If you see recent Google's announcement regarding SDN adoption in data centre, it is largely talking about data centre applications such as how a replication data is being routed through the most optimal point or how a link with lesser quality of service is made to better utilise capacity of your network. These are applications that they have written into a normal commodity x86 server and allow that to communicate.

Here OpenFlow works very well, however, what it does not do is to go and figure out a dynamic topology of a network. A large service provide will have hundreds and thousands of network elements. They all communicate BGP, OSPF, MPLS protocols and OpenFlow is not designed to communicate to these protocols. OpenFlow is very important and has a major role to play, however, SDN journey does not stop there. We need to innovate a lot.

CIOL: Is Juniper a bit slow on the SDN front because companies such as HP, BigSwitch are already talking about rolling out solutions?

Sajan Paul: Not exactly. There are certain newcomers and what they talk about is largely from the control part. What they have is an Opensource programme, which they can port it into a controller appliance. They may also build hardware. However, then, will a BigSwitch work with a Nicira device? Very unlikely.
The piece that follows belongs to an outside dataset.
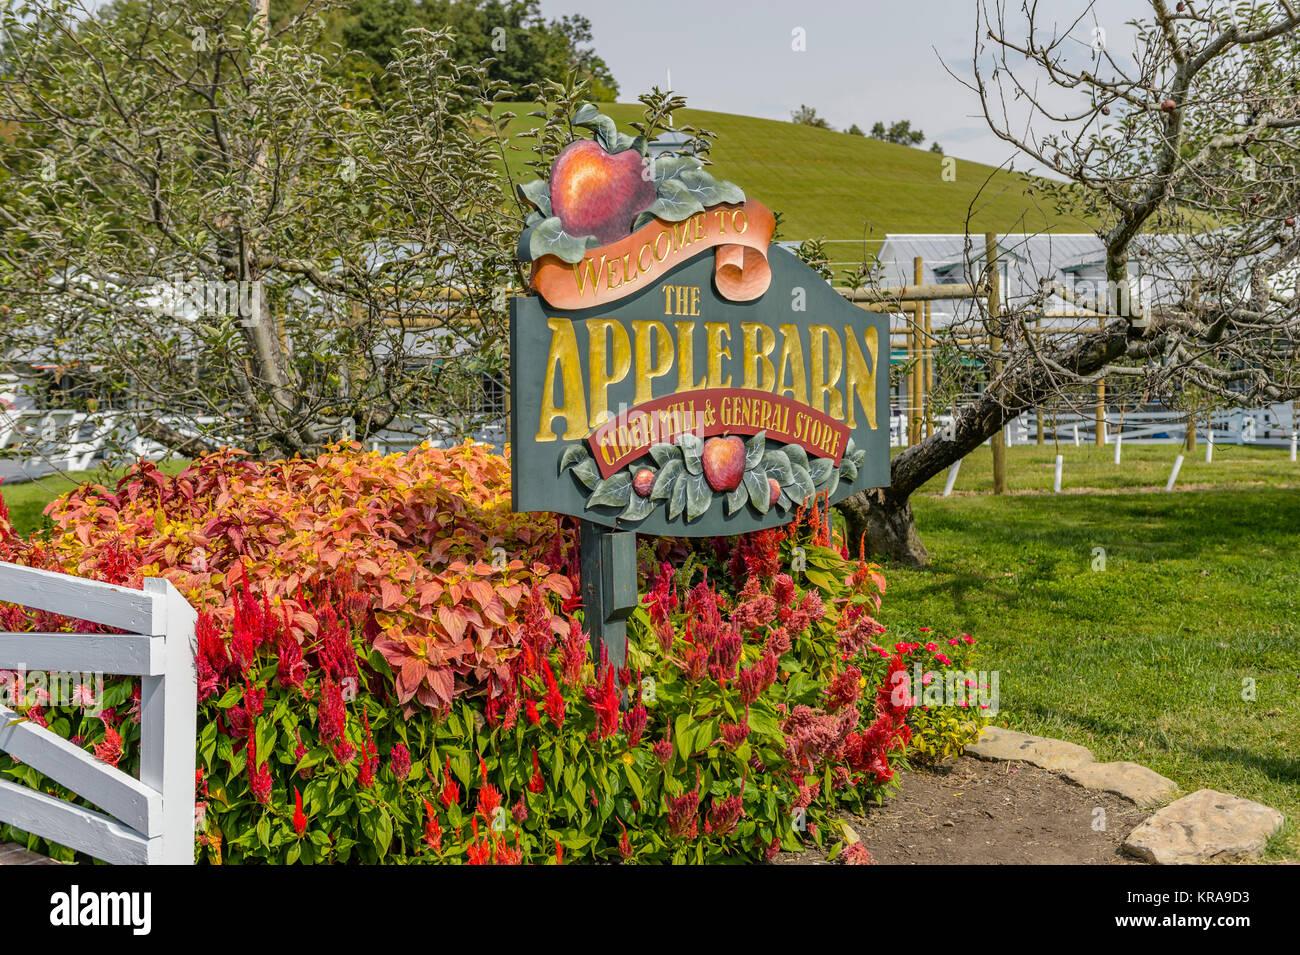 Eingang anmelden oder Beschilderungen für den Apple Barn Cider Mill und General Store in Sevierville TN, USA, eine touristische Attraktion in Tennessee apple Land. Stockfoto

Inter-operate is a big element that is yet to be established. So are we looking at BigSwitch giving a switch and controller together and then building again a monolithic network? This is what is going to happen. Juniper can do this today, however, we are looking beyond that. We do not want to go into the part of launching a controller, which we can do it in no time since it is possible on our chip Trio, and say we are ready for SDN. That is not the strategy.

CIOL: Is being a pure networking player a disadvantage because storage company EMC is building its networking capability, and networking company Cisco is building its server/storage capability?

CIOL: Neither compute vendors nor storage vendors are innovating on network side and they do not have the capability to do so.

The business model that you have to look at it out of $10 dollars spent on data centre, only $2 is spent on network, the rest $8 is spent on compute and storage, power cooling. Their business model is why should not we go after the remaining $8 dollars? It may not be about building the best in class or technology innovation.

Compute power is going over the roof, and storage capacity is increasing by day. Efficiency of data centre works on two principles. Centralisation - the more you centralize the better the data centre is. the second is Pooling effect - how many resources can you pool and do parallel computing. Thus, you get square root of number of pools worth of efficiency in that data centre. That is why data centre consolidation and cloud become more efficient.

However, for these two to work together you need a network at the speed of light because the VMs have to move statistically across network, otherwise you will never capitalize on the ability of virtualization. That is why innovation on network is required.